Capital Beijing, once famous for its long history, has started to incubate multi-billion startups that are building the future. World Innovators Meet Salon set up in Beijing and kicked off WIM.
The very first series of WIM Salon (World Innovators Meet Salon) was set up in Beijing on August 25, under the theme "Innovators Meet in Beijing". Corporate investors who seek opportunities in overseas markets, entrepreneurs who want to hack their growth in the Chinese market, and countless innovative minds joined the event.
Panel Discussion: "Dare to Innovate"
The event held a truely cosmopolitan panel discussion with four distinguished guests who have shared their innate innovative mind-set with the audience. Zoon Ahmed Khan, researcher and journalist based at the Belt and Road Strategy Institute, Tsinghua University, moderated the event.
Alvaro Montoya, Co-founder of Akkadu, shared how he decided to start translation business and the way he survives in the brutal competition of China: where giant companies with enormous financial, technical and operational capacity operating in the same field.
Akkadu, a platform that enables live translation streaming by combining human and AI to interpret events, is a product of Alvaro's years-long adventure starting-off Barcelona.
Iconic leaders are the people with good stories behind, and Alvaro is one of those people with good stories. Once he finds himself in the same car with Huawei's phenomenal CEO, Ren Zhengfei, in Barcelona, when the time Huawei has not yet to be a global behemoth.
'Why don't you learn Chinese?' said Mr Zhengfei. His words were powerful, I booked the tickets and went to China to study the language. This is where it all started" says Alvaro.
He had done his MBA in China's Ivy league School, Tsinghua University, and realised that the professors were not speaking English when they supposed to. Alvaro had challenges understanding them and developed his first translation product. "An innovative entrepreneur is somebody who provides solutions to problems, and I haven't done anything else," says Alvaro.
Paddy Robertson, Founder and CEO of Smart Air, a social enterprise based in China, and providing solutions for the Air Pollution from its offices in India, Mongolia, Philippines and others. Yet, the competition he is facing is as harsh as Alvaro's: Paddy needs to compete with the world biggest IoT provider in China, Xiaomi.
'Challenging the status-quo' is what it means to be an entrepreneur for me," says Paddy.
"As a social entrepreneur, our value is beyond the numbers," he adds.
While the global consensus on climate change and environmental policies have yet to be formed, Smart Air's solutions are indeed, beyond valuable.
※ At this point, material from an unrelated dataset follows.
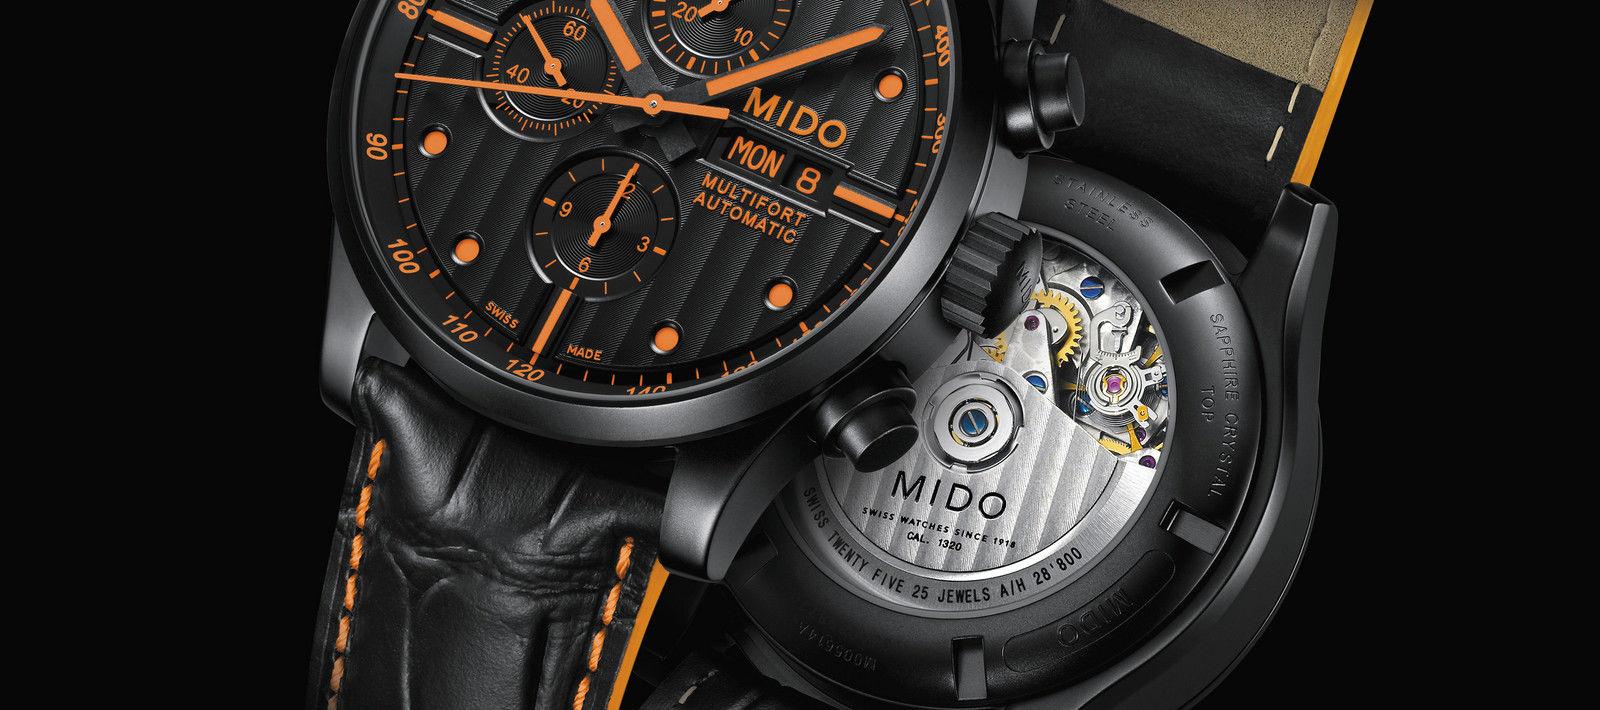 dda0e8864ca Mido Multifort M005.614.36.051.22 Special Edition + náhradní řemínek ...

The Asian economics is being reshaped, and pollution is shifting away from China to the emerging markets in the region, including among others, Bangladesh, India and Vietnam. The unmet need for Smart Air's solutions' is keep growing, and Paddy seems to be sure of what he is doing.
Yingying Li (李莹莹), the founder of Yingfluence, specialized in cross-cultural communication. She introduced the concept "Cultural Intelligence (CQ)" and explained why she thinks "there could never be enough bridges".
Yingfluence provides cross-boundary management consulting services, mainly in the US, China and Latin America, where Yingying possess a wide network with entrepreneurs and policy-makers.
China, stands at the center of global paradigm shift, and enterprises need to 'think out of the box' in this super-flexible international atmosphere. We are bulding the necessary bridges and letting them think out of the box in Yingfluence.
Management consulting, particularly cross-border consulting, is yet another maturing business field in China. While some of the enterprises from the West have been operating in the area for more than 150 years, Chinese management consulting firms have yet to started to form along with China's financial opening-up after the 1980s. Yingfluence's services are standing at the heart of this ever-emering area.